Konrad Zuse worked in Germany, but electronic computers were also being developed in the USA during the Second World War. Just like the German machine, the American computers were used to aid the war effort. The Hungarian mathematician, and by all accounts genius, John von Neumann had been one of the early users of these machines, and in 1945 he synthesized his understanding of the principles in the "First Draft of a Report on the EDVAC." Most "first draft reports" are not published, but when von Neumann's collaborator Herman Goldstine received the report he sent it to everyone who might be interested, and thus the principles of a modern computer became available to all who cared. These principles also became impossible to patent which made some people very unhappy. The unusual life of John von Neumann and his many contributions to science and math are discussed in Bhattacharya's book [2].

Grace Hopper is also an important figure in the history of computing. She worked in Howard Aiken's lab at Harvard as a programmer of the early Mark 1 computer which was electromechanical like Zuse's machine. Her contribution is mostly in recognizing how high level programming languages would make computer programming vastly more accessible to many people. Ultimately, her efforts led to the Cobol programming language whose success was so great that it is still in use despite being arguably outdated. Beyer's book [3] presents a very readable account of Hopper's life and work.

Finally, in his far ranging book, Roger Penrose describes (among many other things) the ideas of Alan Turing regarding computability in an accessible yet comprehensive format [4]. Turing proposed a very simple theoretical machine in order to shed light on the problem of what is computable in theory. Turing machines are very different from actual computers, but one way of showing that the SSMC can compute anything (that humans know how to compute) would be by showing that it can simulate a Turing machine.


  1. List all the instructions that the SSMC processor understands.
  2. Describe the two types of memory used by the SSMC.
  3. What is cache?
  4. Write a program that swaps two numbers in (long-term) memory using the same type of code as in the Sum of Products program.
  5. Extend the program above such that the numbers are only swapped if the first number is greater than the second.
  6. Extend the program above to sort a list of numbers.
  7. Adapt the simulator to exercises 4-6.
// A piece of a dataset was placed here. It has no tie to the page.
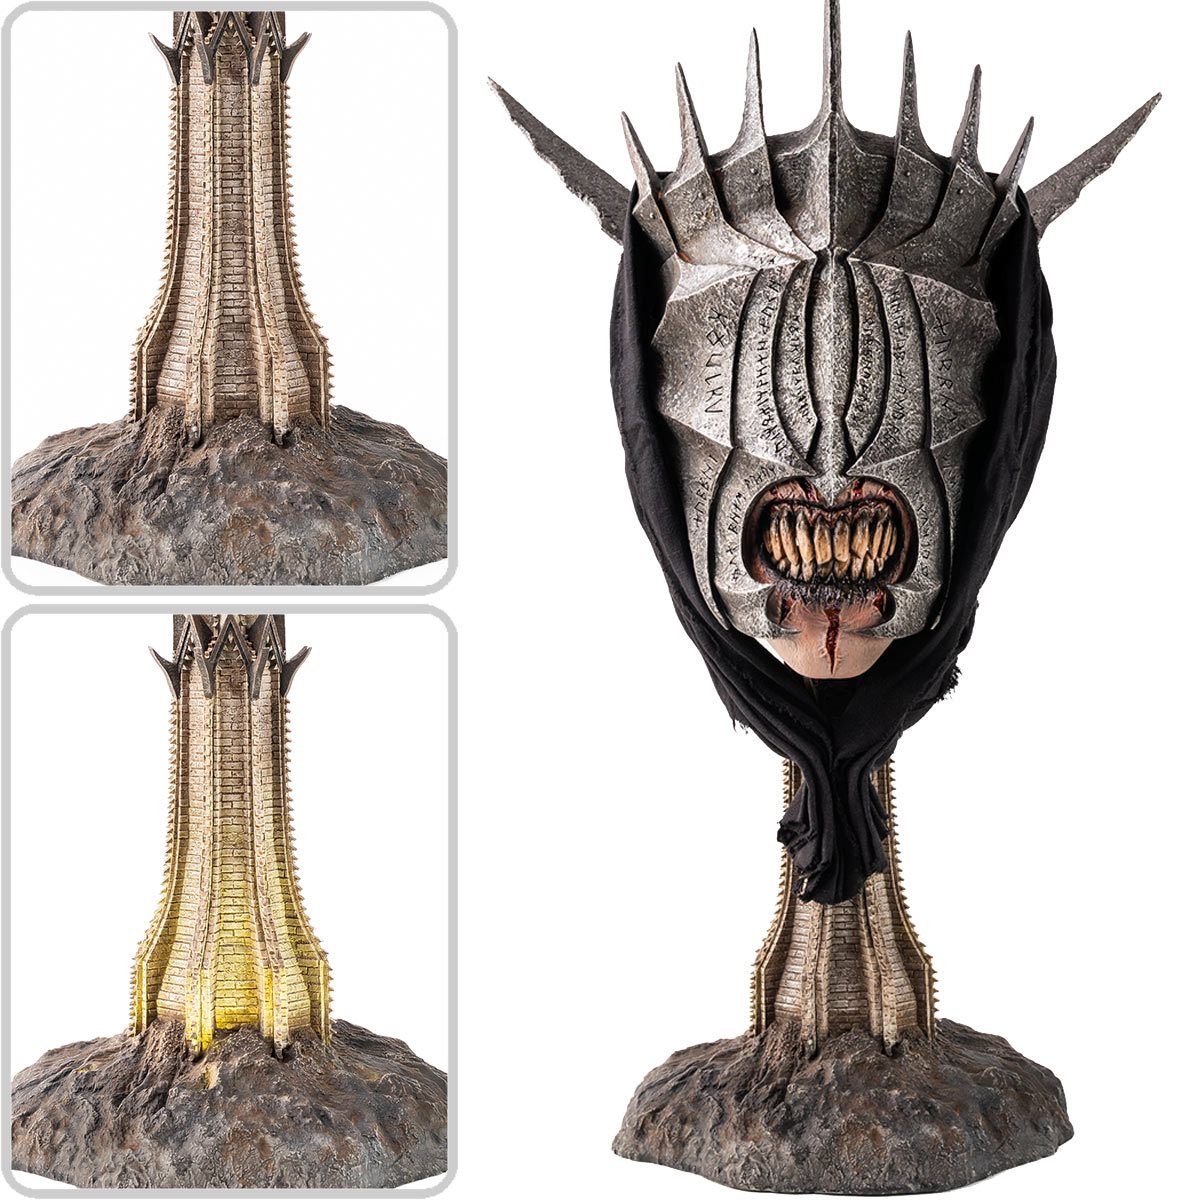 Sauron Art Mask 1:1 Scale by PureArts
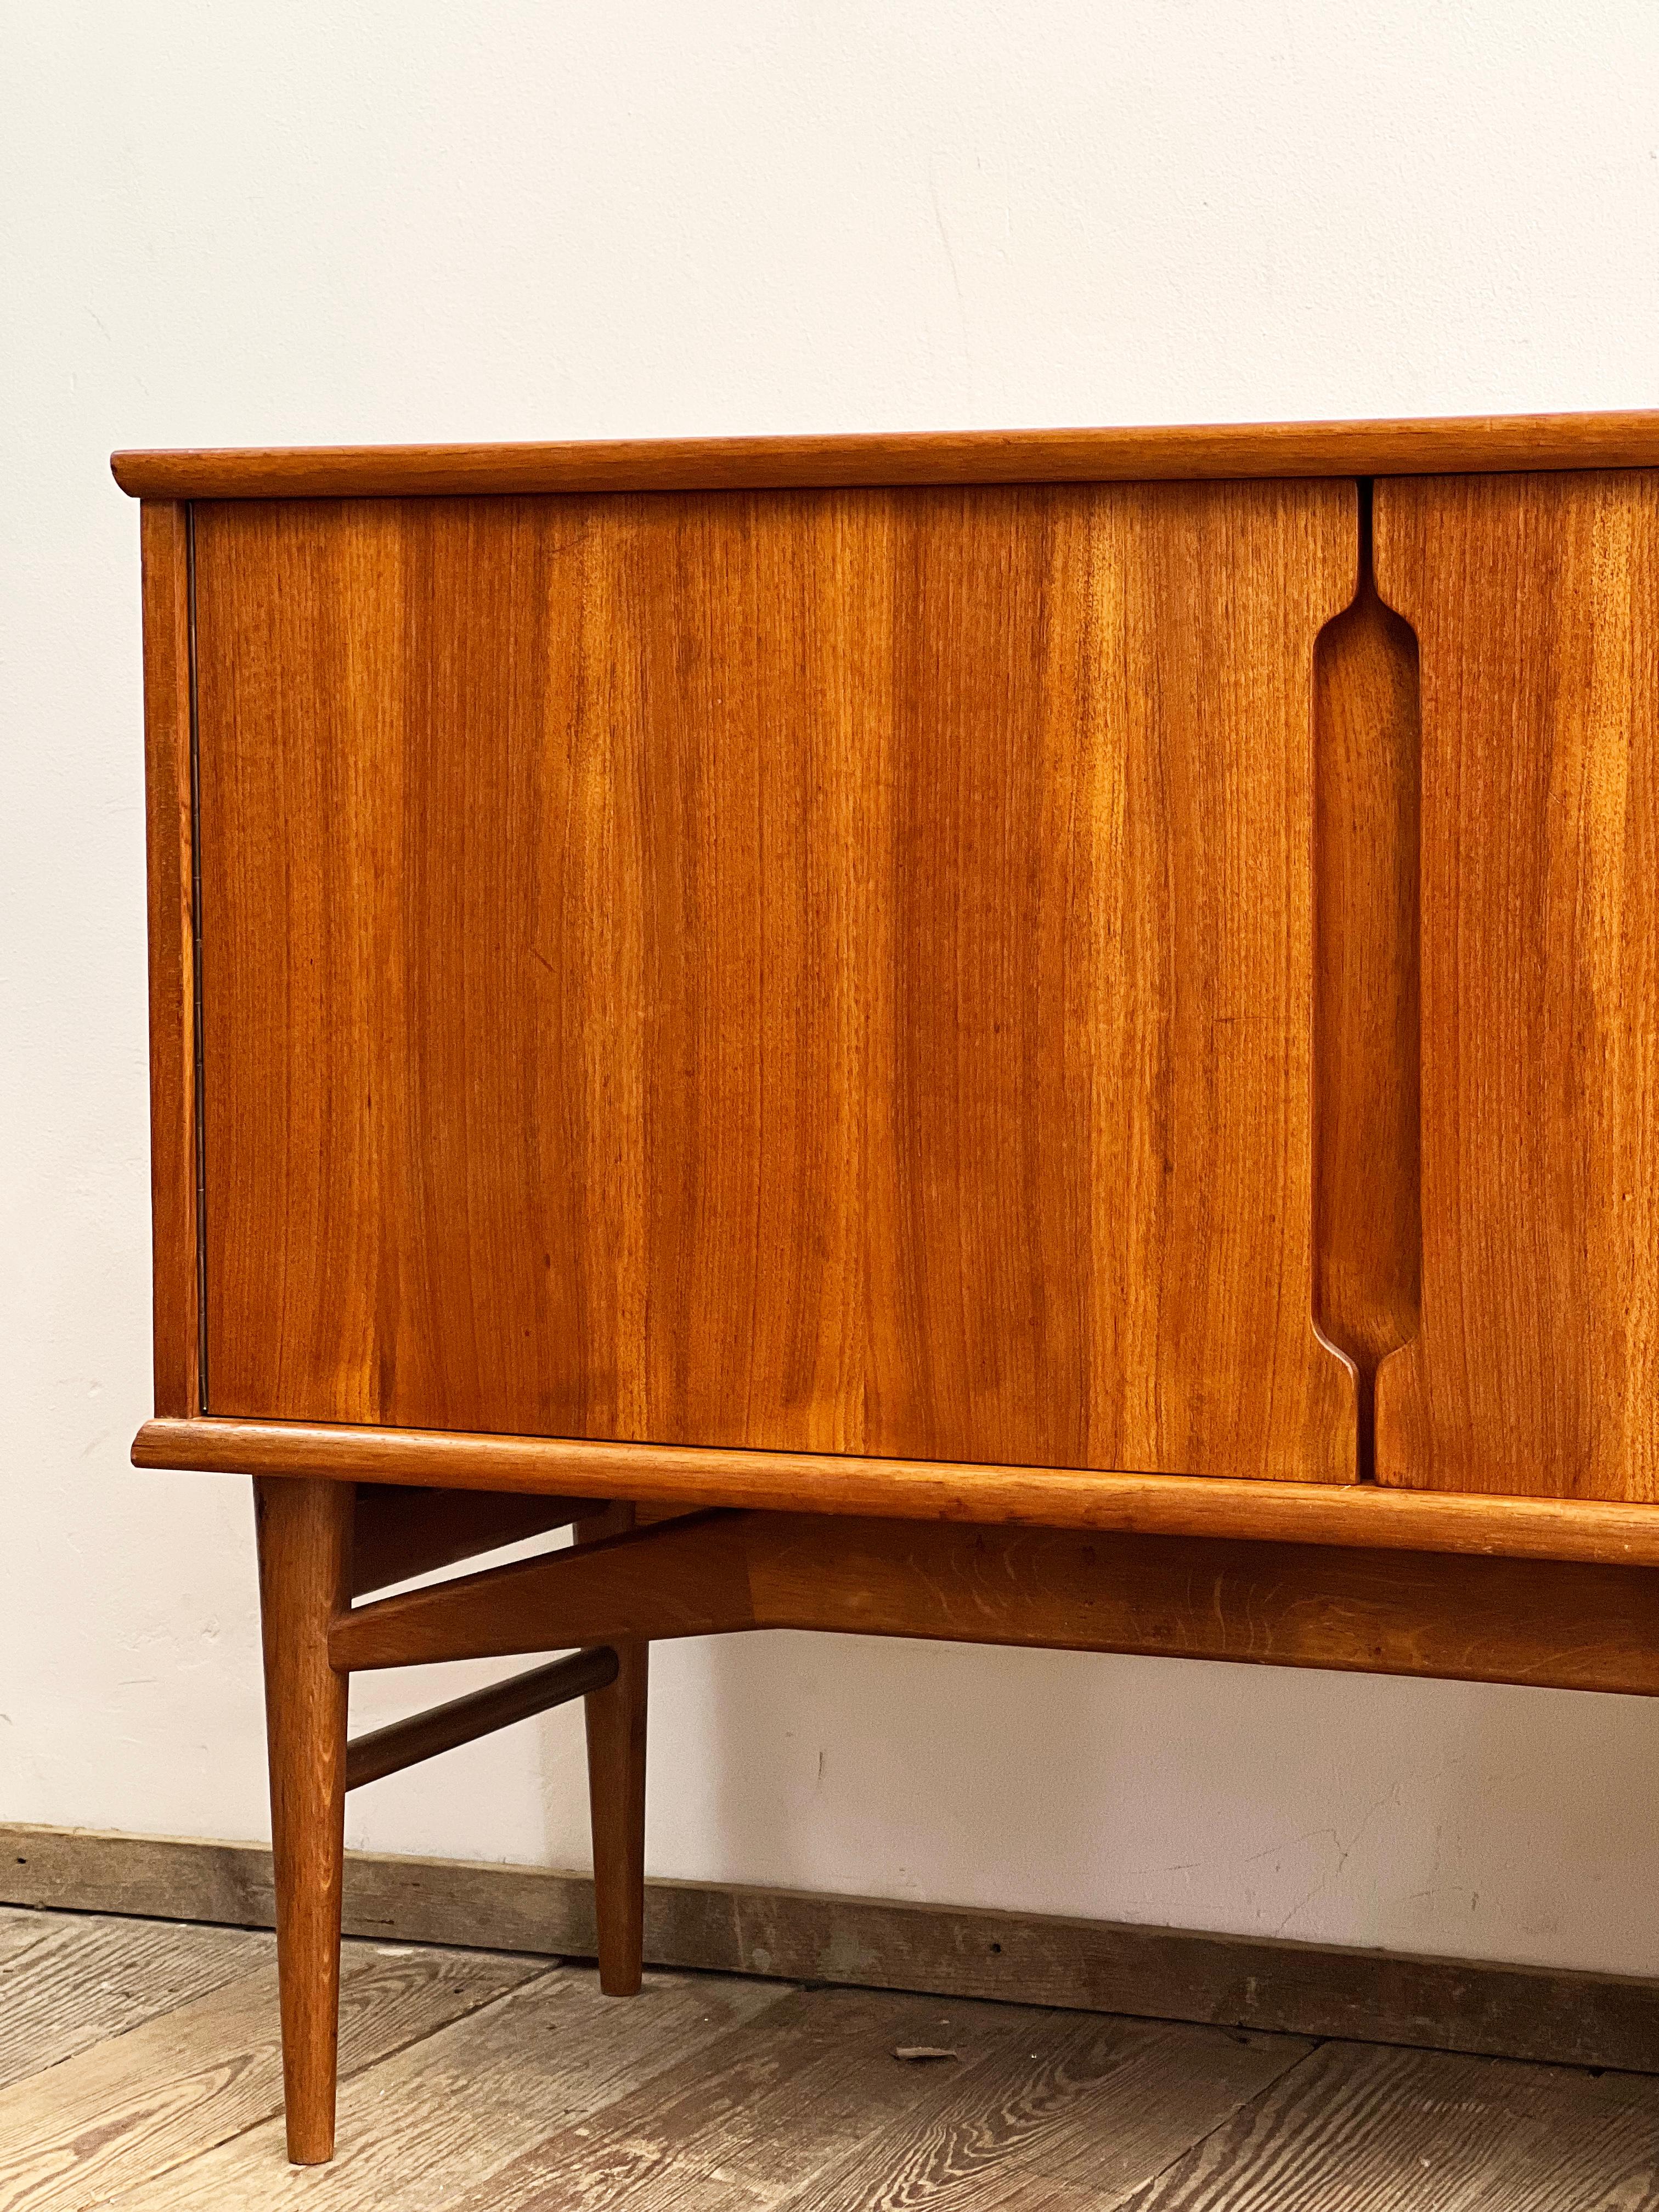 Small Mid-Century Modern Fredericia Sideboard in Teak, Germany, 1950s For Sale 7

  1. Petzold, Charles. "Code: The hidden language of computer hardware and software." Microsoft Press, 2000.

  2. Bhattacharya, Ananyo. "The Man from the Future: The Visionary Life of John von Neumann." Allen Lane, 2021.

  3. Beyer, Kurt. "W. Grace Hopper and the invention of the information age." MIT Press, 2012.

  4. Penrose, Roger. "The emperor's new mind: Concerning Computers, Minds and The Laws of Physics." Oxford University Press, 1989.